Paper No. 6
Presentation Time: 2:40 PM
EVALUATING TEMPORAL AND THERMAL VARIATIONS IN HYDROGEOLOGIC DATA AT BALL STATE UNIVERSITY'S GROUND-SOURCE GEOTHERMAL SYSTEM (MUNCIE, IN)
DUNN, Marsha E.1, DOWLING, Carolyn B.
2, FLOREA, Lee J.
3, NEUMANN, Klaus
1, SAMUELSON, Alan C.
1 and STERLING, Kara
1, (1)Geological Sciences, Ball State University, Muncie, IN 47306, (2)Department of Geological Sciences, Ball State University, Muncie, IN 47306, (3)Department of Geological Sciences, Ball State University, 2000 W. University Ave, Muncie, IN 47306, medunn@bsu.edu
Ball State University (BSU) began installing the nation’s largest ground-source geothermal project in 2009. In Phase 1, ~1800 geothermal boreholes were drilled in the northern part of campus, separated into two large fields (North and South).
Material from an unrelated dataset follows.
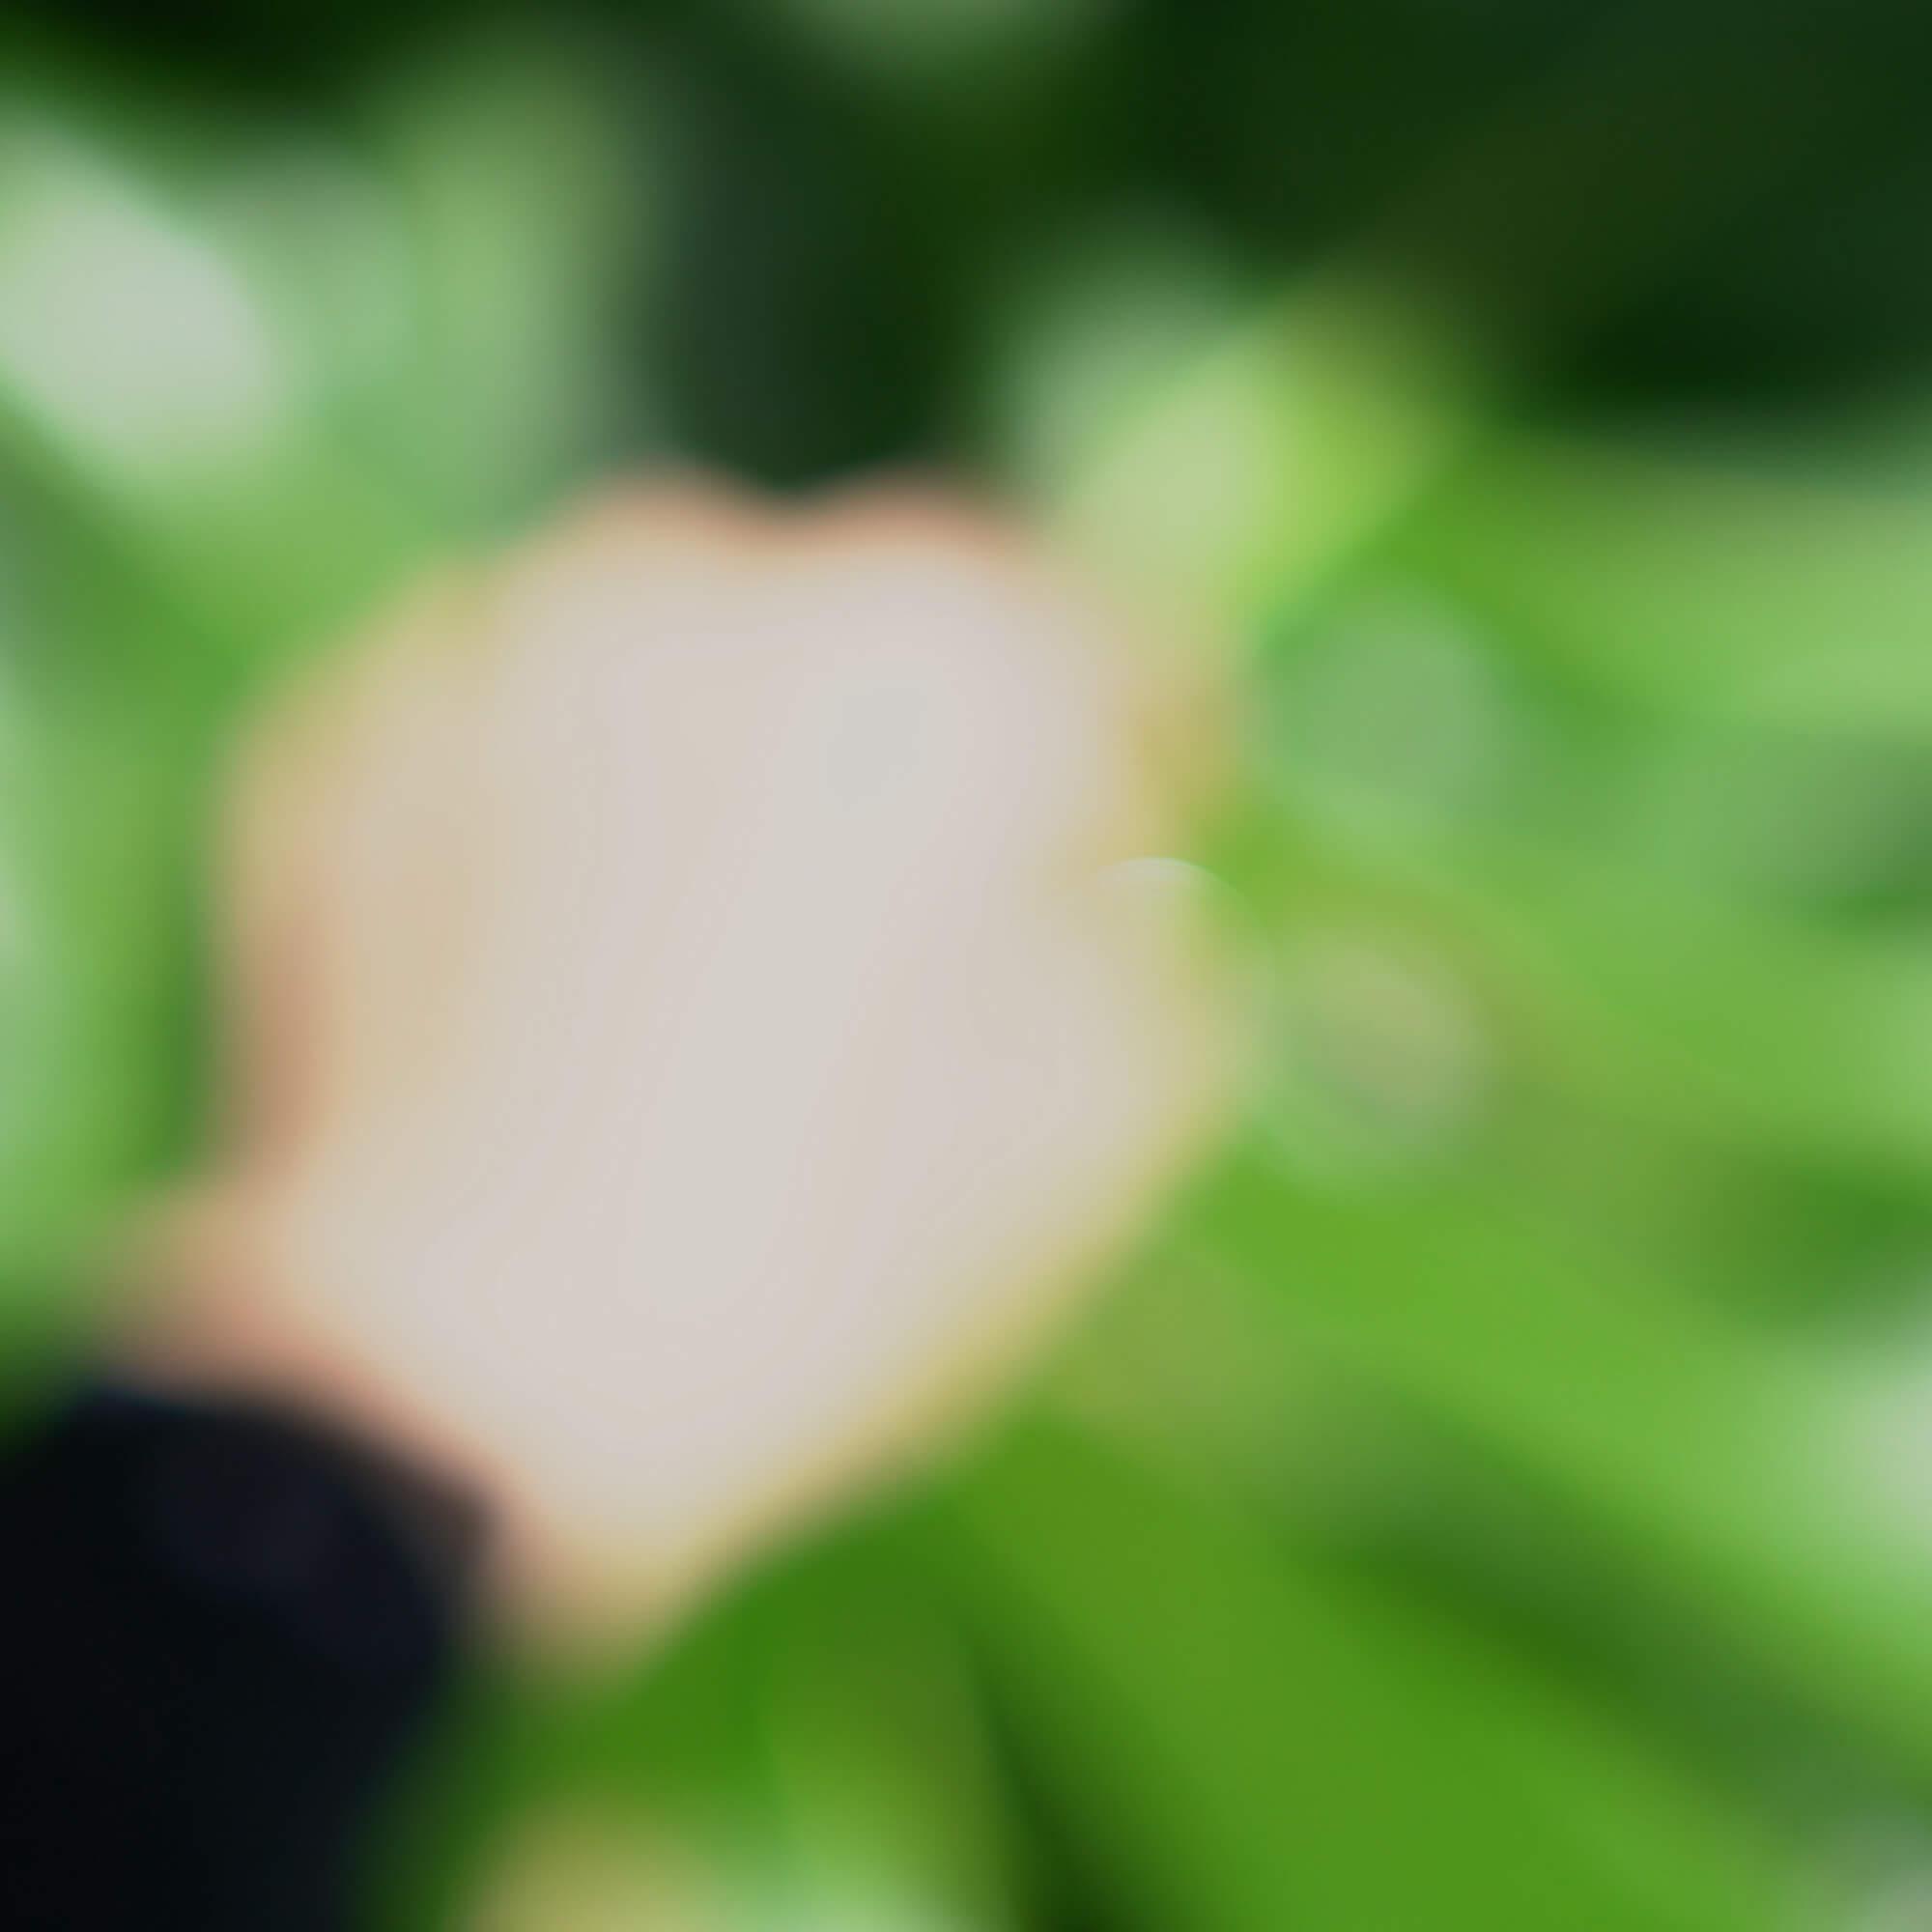 屋久島の緑の中 手の中に結婚指輪 屋久島森とジュエリー 屋久島でつくる結婚指輪
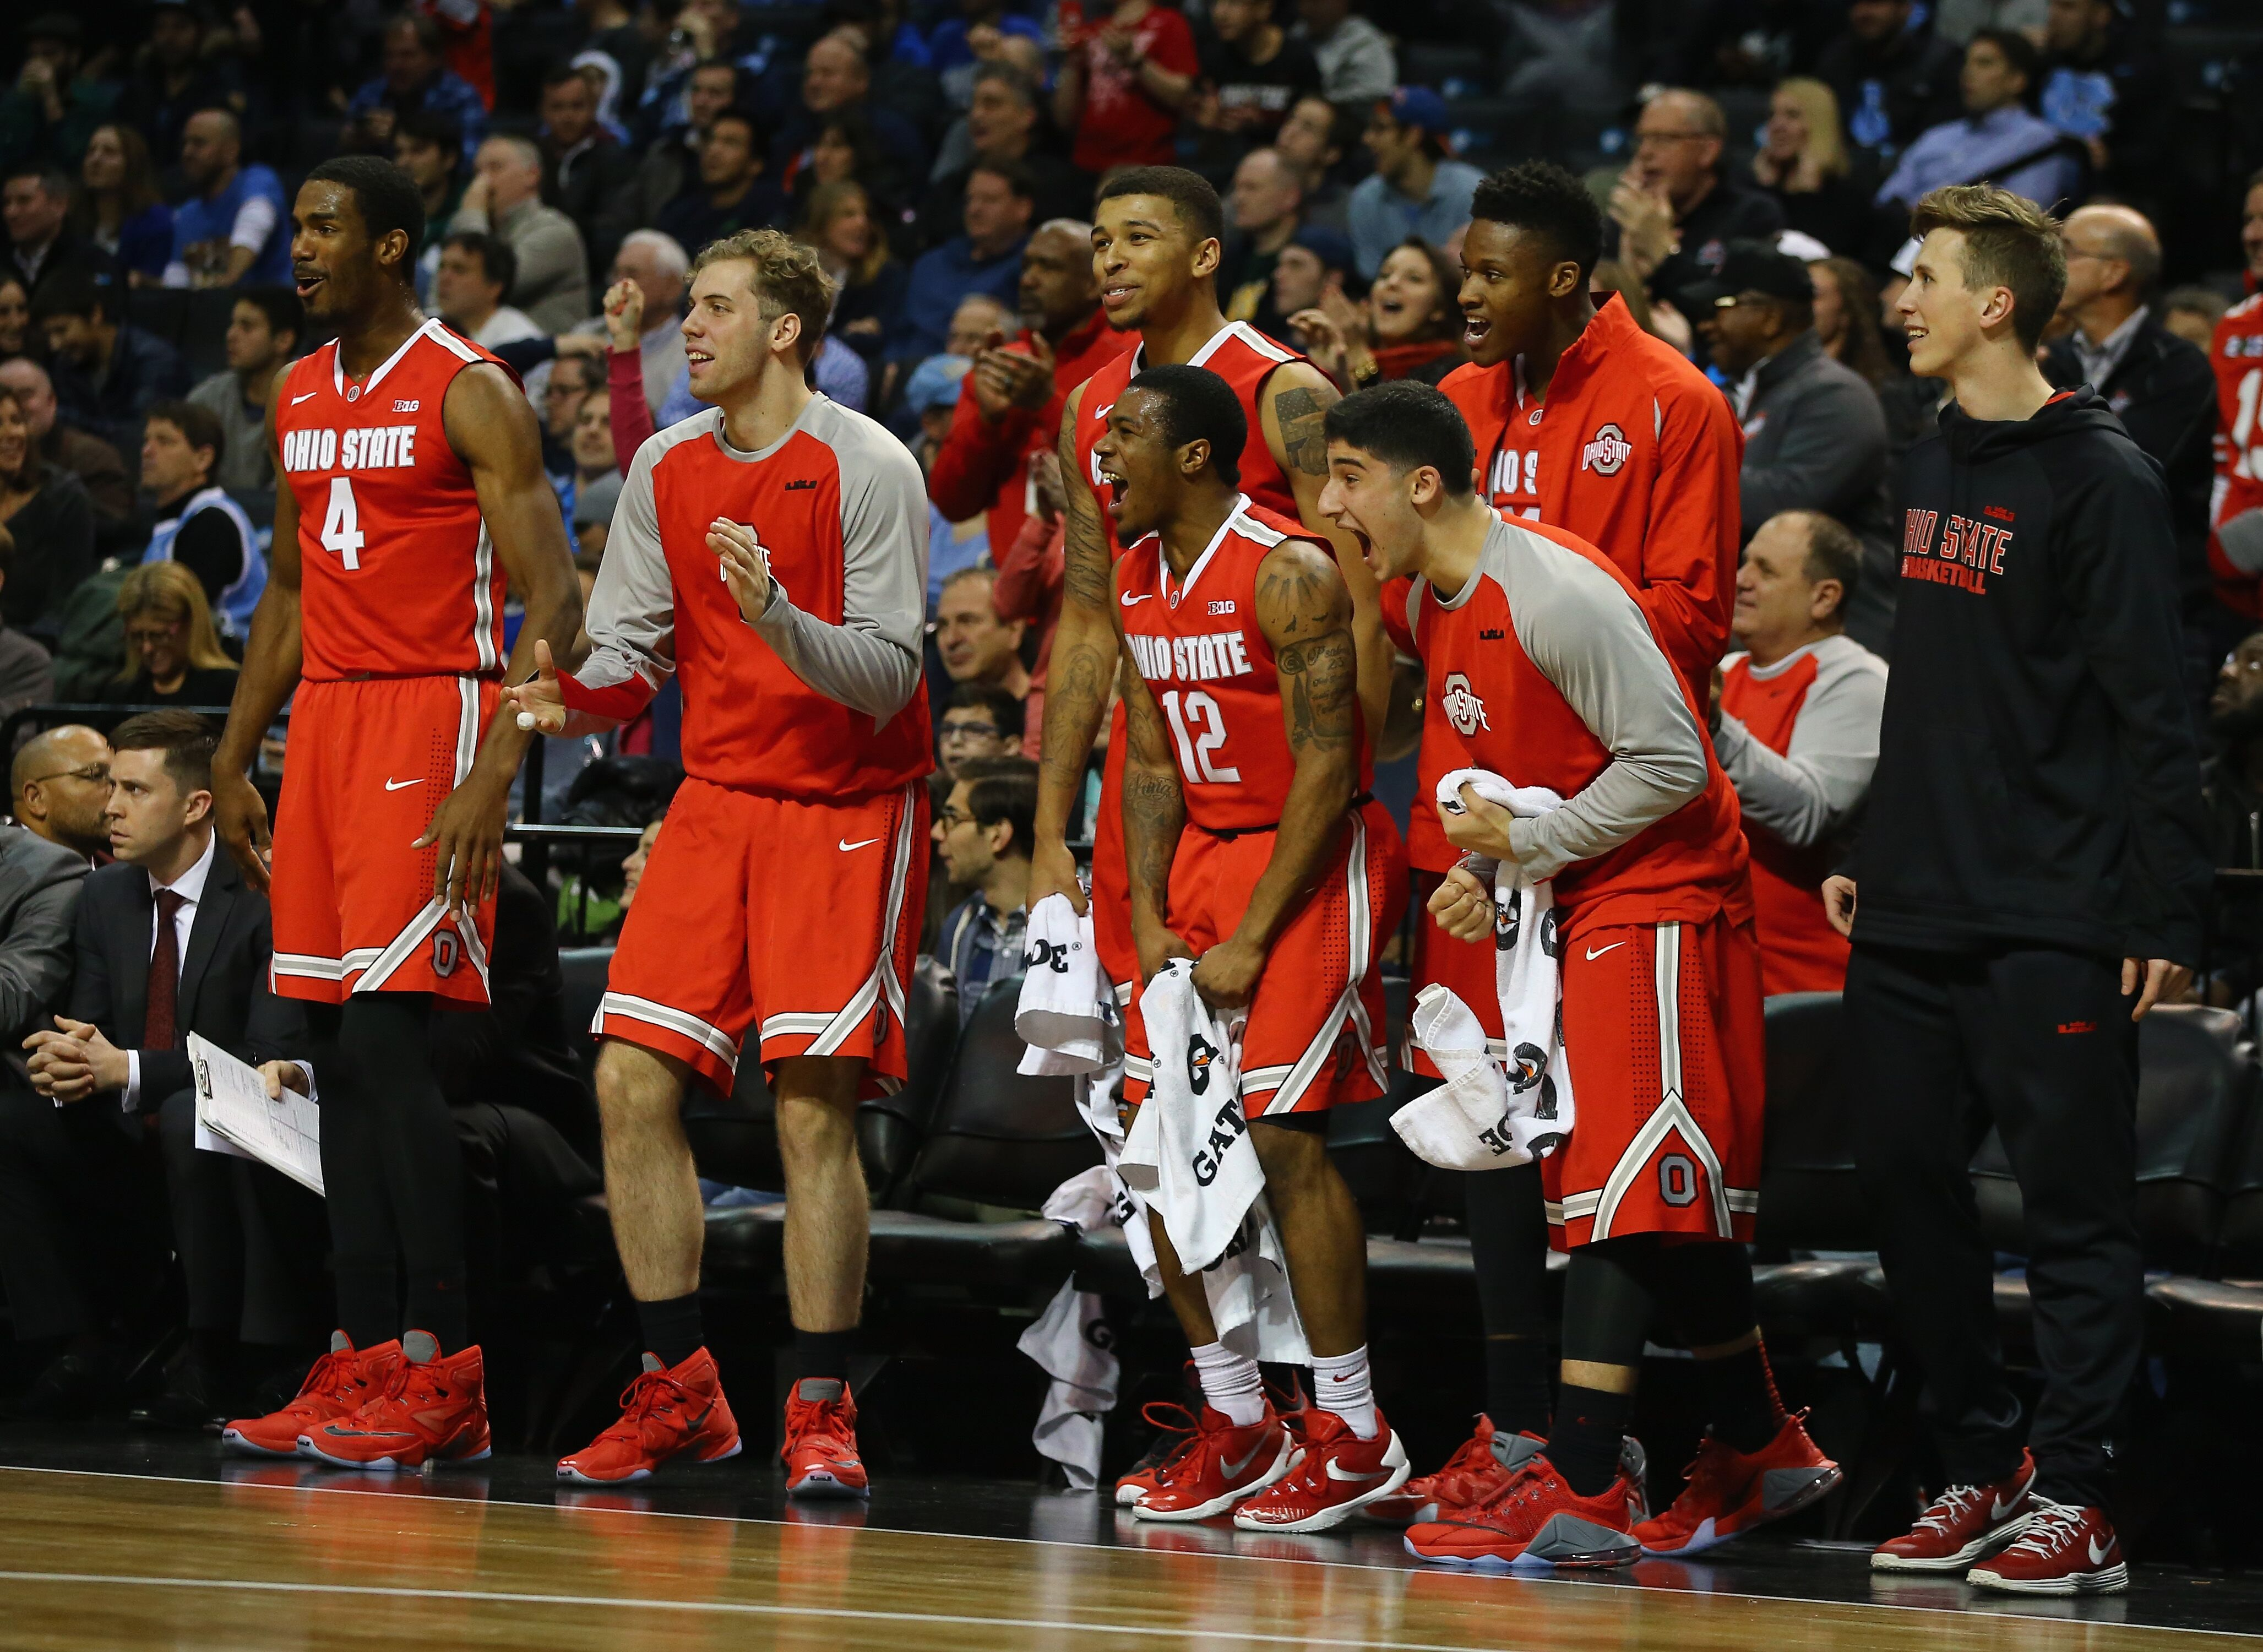 Kentucky Basketball 2017 18 Season Preview For The Wildcats: Ohio State Basketball: 2017-18 Season Preview For The

Ground-coupled exchange loops were installed to add or remove heat from the ground to moderate the temperature in campus buildings. In late November 2011 BSU commenced Phase 1’s geothermal system, which currently services over 20 buildings and when complete, will heat and cool 47 academic buildings. Previous studies have triggered concern over large-scale geothermal systems’ impact on natural hydrogeologic properties. In the Netherlands, for example, data collected from a 1,400 housing development in Etten-Leur suggests significant cooling of the groundwater due to high heating demands. In contrast, at Stockton College’s geothermal field in New Jersey, a 7°C groundwater temperature increase was observed over the course of 10 years.
Maintaining a temperature differential between the fluid inside the exchange loops and the geologic substrate and/or groundwater outside of the loops is crucial to the efficiency of the system, which are typically designed so that temperatures will not increase or decrease more than ~1.2°C. To verify BSU’s system properly, baseline hydrogeologic data and temperature profiles were obtained throughout 2011 that will be used to further groundwater investigations. Preliminary data indicate that the bottom 30 meters of the down-gradient wells in both the North and South fields have temperatures that are 0.2°C lower than the other monitoring wells. After cold-water circulation was initiated in November 2011, the temperature of the bottom 100 m has increased greater than 1°C in the center of the South Field.